This doctoral thesis aims to validate new methods that increase the efficiency of sensor-based sorting processes for waste streams consisting of plastics. It deals with set boundaries on aggregate level; the plant level is not considered. The used equipment is the experimental sensor-based sorting setup at the Chair of Waste Processing Technology and Waste Management at Montanuniversität Leoben and the used sensor technology near-infrared spectroscopy.
Increasing the sorting efficiency can be done by optimizing the identification of the mechanical discharge of particles. Data analytics is shown as a solution to achieve optimization, therefore this thesis focuses on using data-analytics-related methods.

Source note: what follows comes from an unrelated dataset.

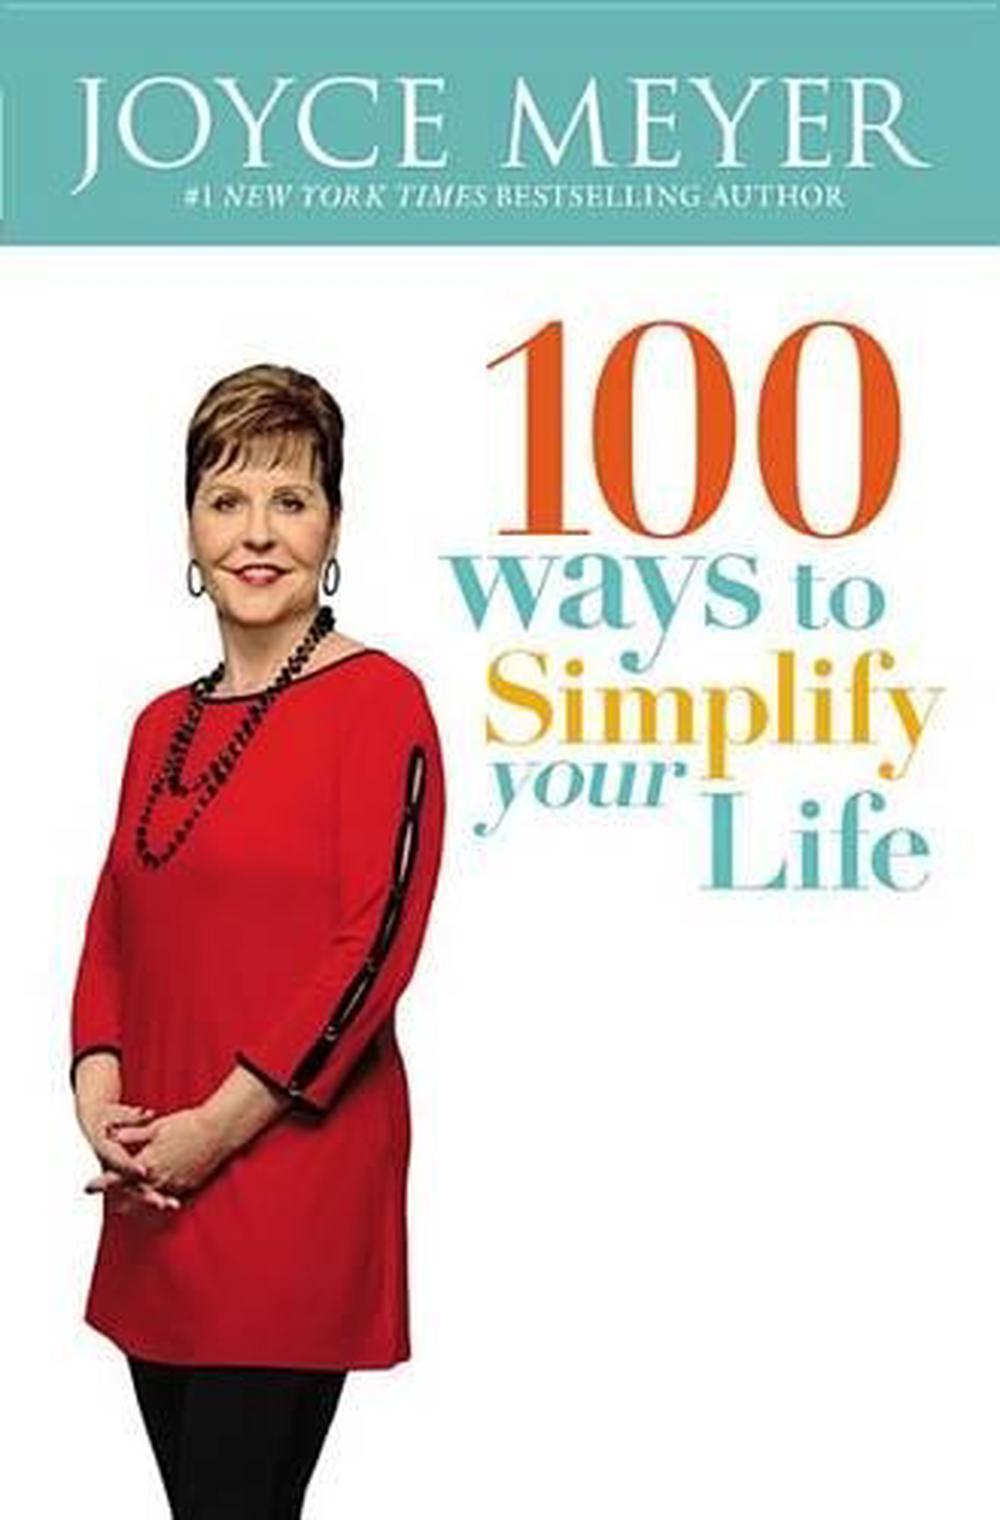 100 Ways to Simplify Your Life by Joyce Meyer (English) Paperback Book

For optimizing the identification of particles, research is conducted in the fields:
•Influence of surface roughness
•Influence of reflectors as background material
•Usage of machine learning approaches
For optimizing the mechanical discharge of particles, research is conducted in the fields:
•Correlations between the input parameters (input composition, throughput rate) and the output parameters (purity, recovery, yield, incorrect discharged particles) of a sensor-based sorting process
•Mathematical approaches to describe the optimal operation point of a sensor-based sorting machine to achieve a specific sorting result
It is stated that this outcome allows a sorting plant to increase purity by using machine learning approaches to optimize the identification or running the plant on the optimal operation point, both without substantially adapting the plant. Superordinate considered these solutions help to increase the amount of recycled plastic so that less plastic waste is thermally treated.